This Windows 10 NTFS error can immediately damage your hard drives

Image: Reddit / Is_It_Me_or_Not

Microsoft released a number of bugs earlier this week through the annual first update of Patch Tuesday, but it appears that a bug that has not been used for a long time has yet to be addressed. According to @jonasLyk, a short, single-line command delivered by a specially crafted file can damage any Windows 10 NTFS formatted hard drive.

The command is delivered by means of a zip, shortcut, HTML or other vectors, and it causes the hard disk error which damages the file system index without even requiring administrative privileges.

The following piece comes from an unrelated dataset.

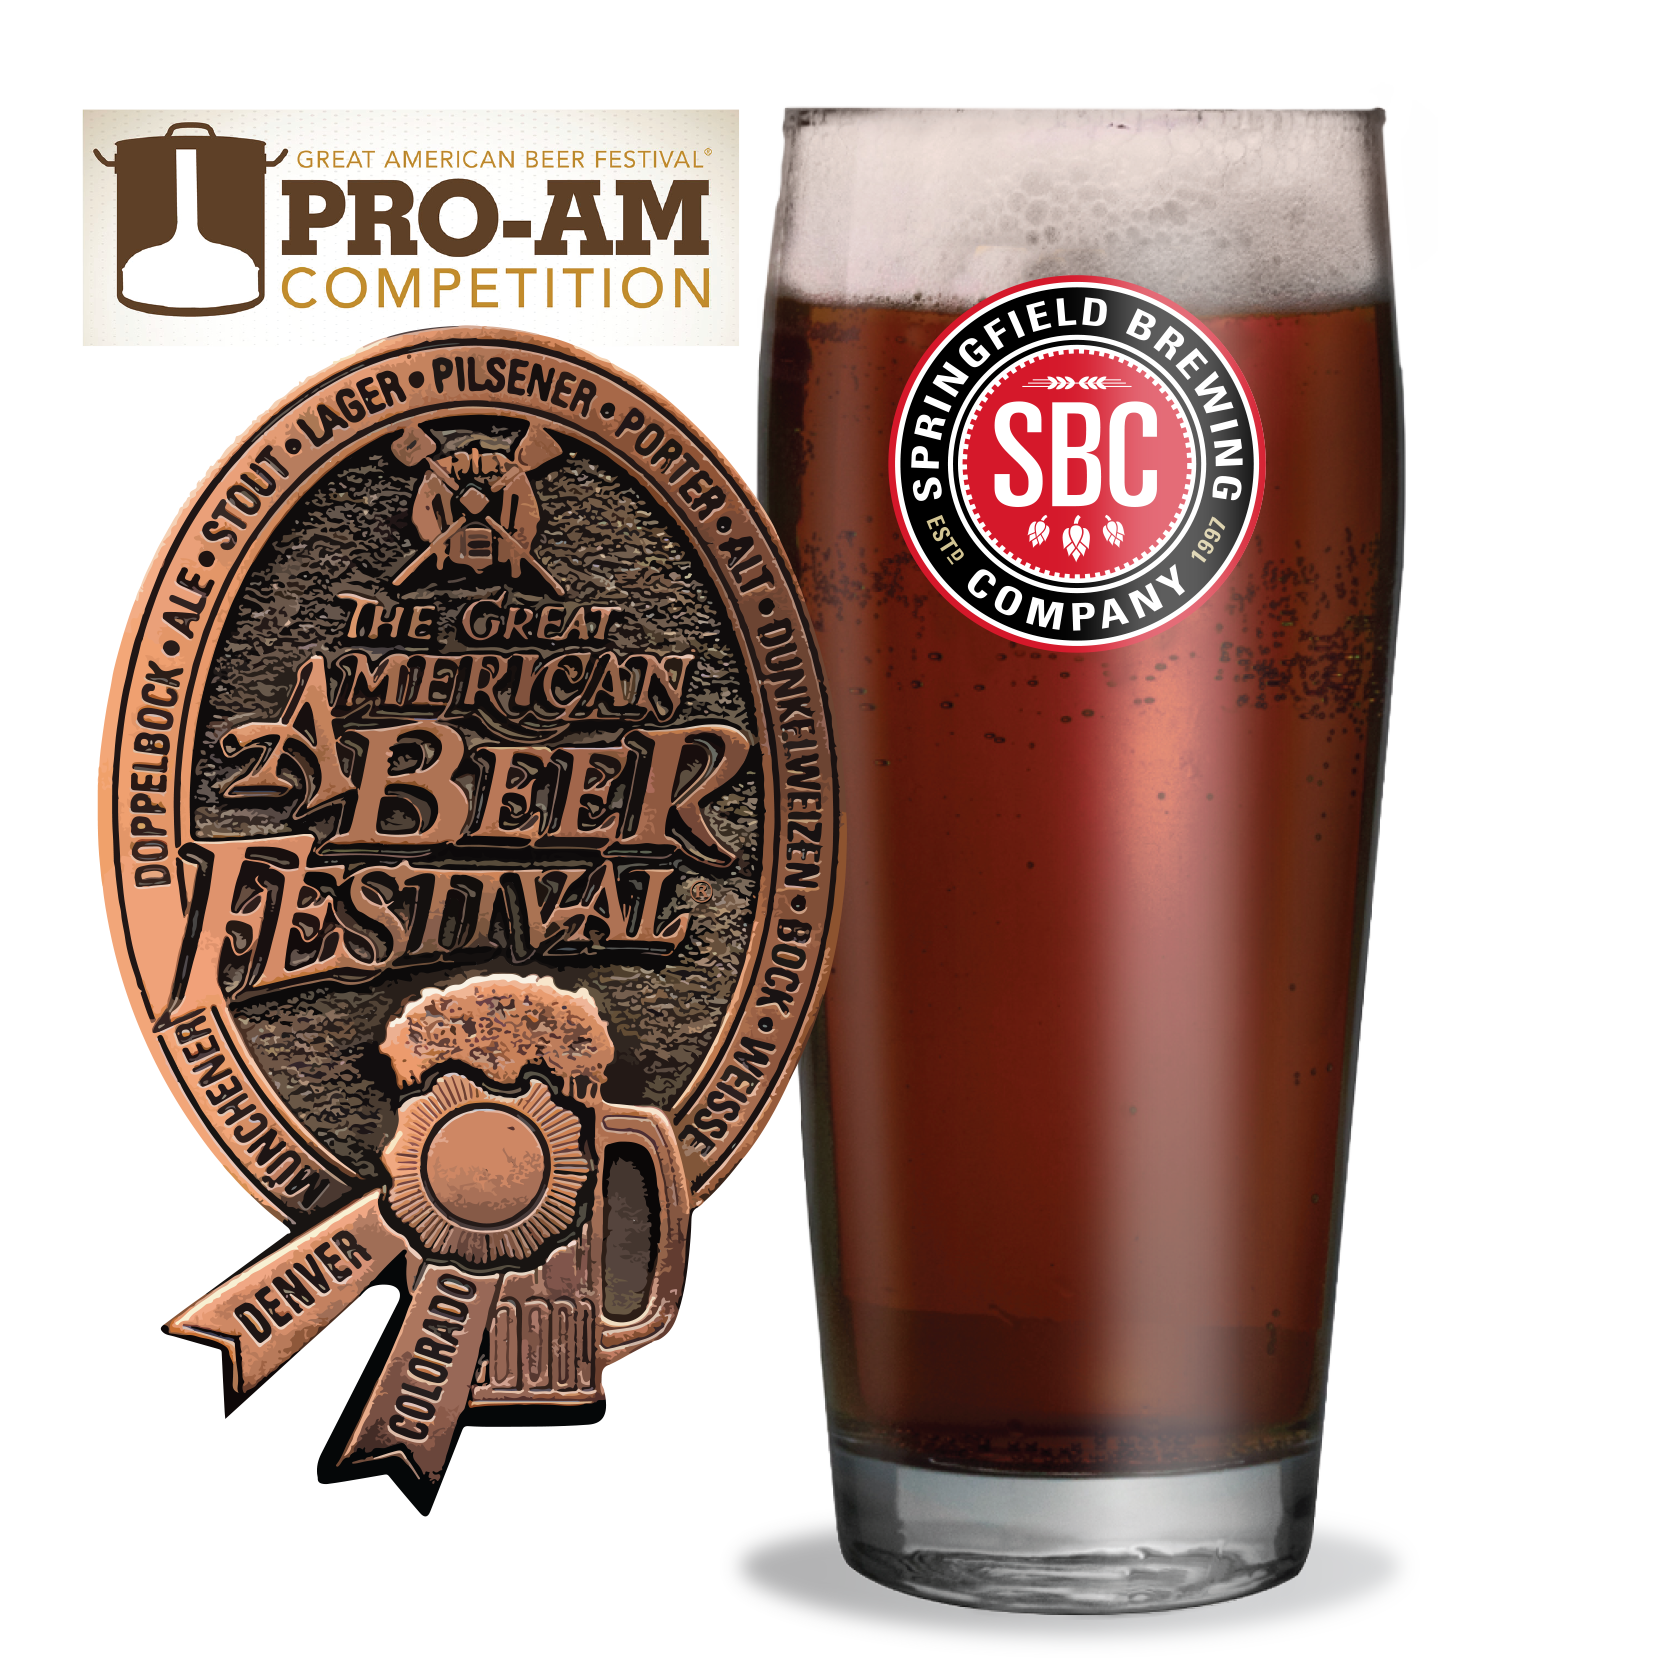 https://brewery.springfieldbrewingco.com/wp-content/uploads/2021/07/GABF_2014-1.png
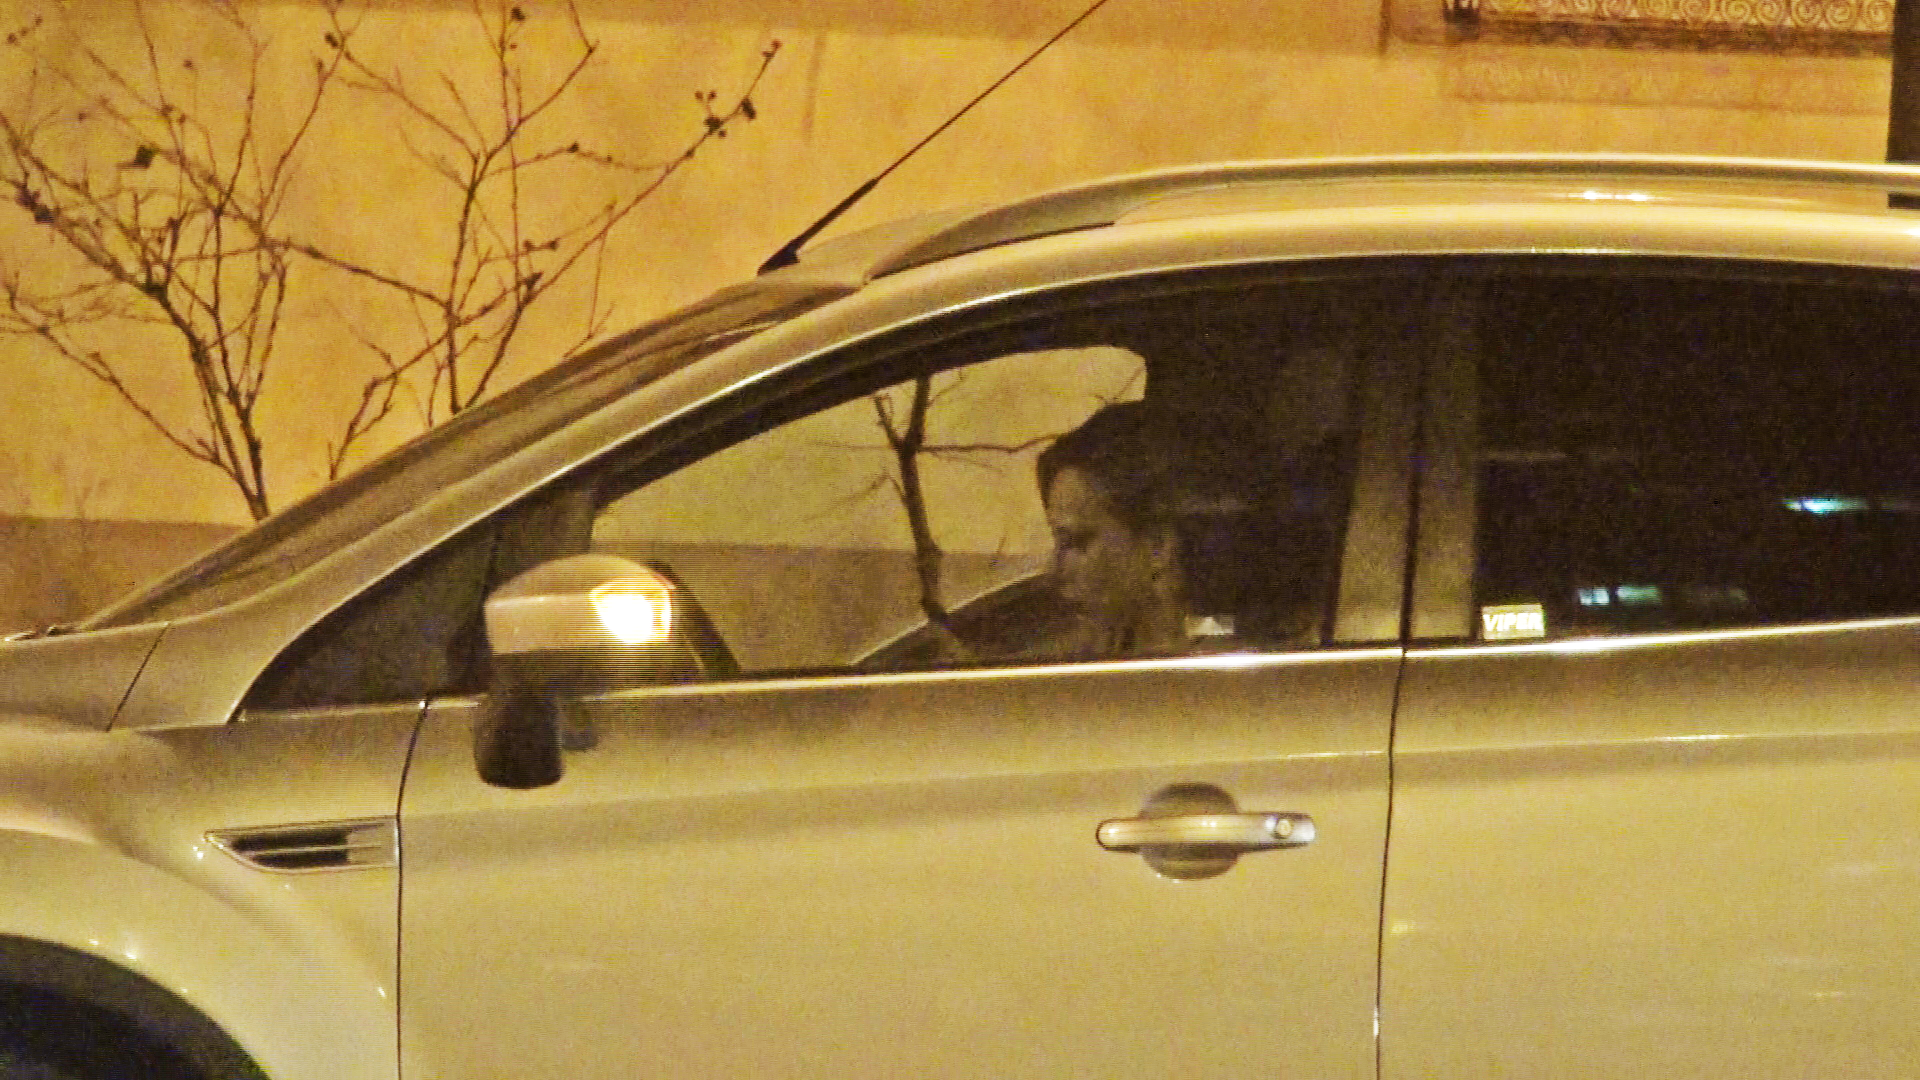 Iulia a stat 30 de minute in masina, iar la un moment dat a inceput sa scrie mesaje pe telefonul mobil

New RS_PRERELEASE Build 21292 is available with a lot of fixes and an improvement to the privacy settings

Windows 10 NTFS Vulnerability Critically Underestimated

Jonas says that this Windows 10 bug is not new and that it has been around since the release of Windows 10 April 2018 Update, and that it can also be used on the latest versions. BleepingComputer shared that the problematic assignment includes $ i30 string, a Windows NTFS index attribute associated with directories.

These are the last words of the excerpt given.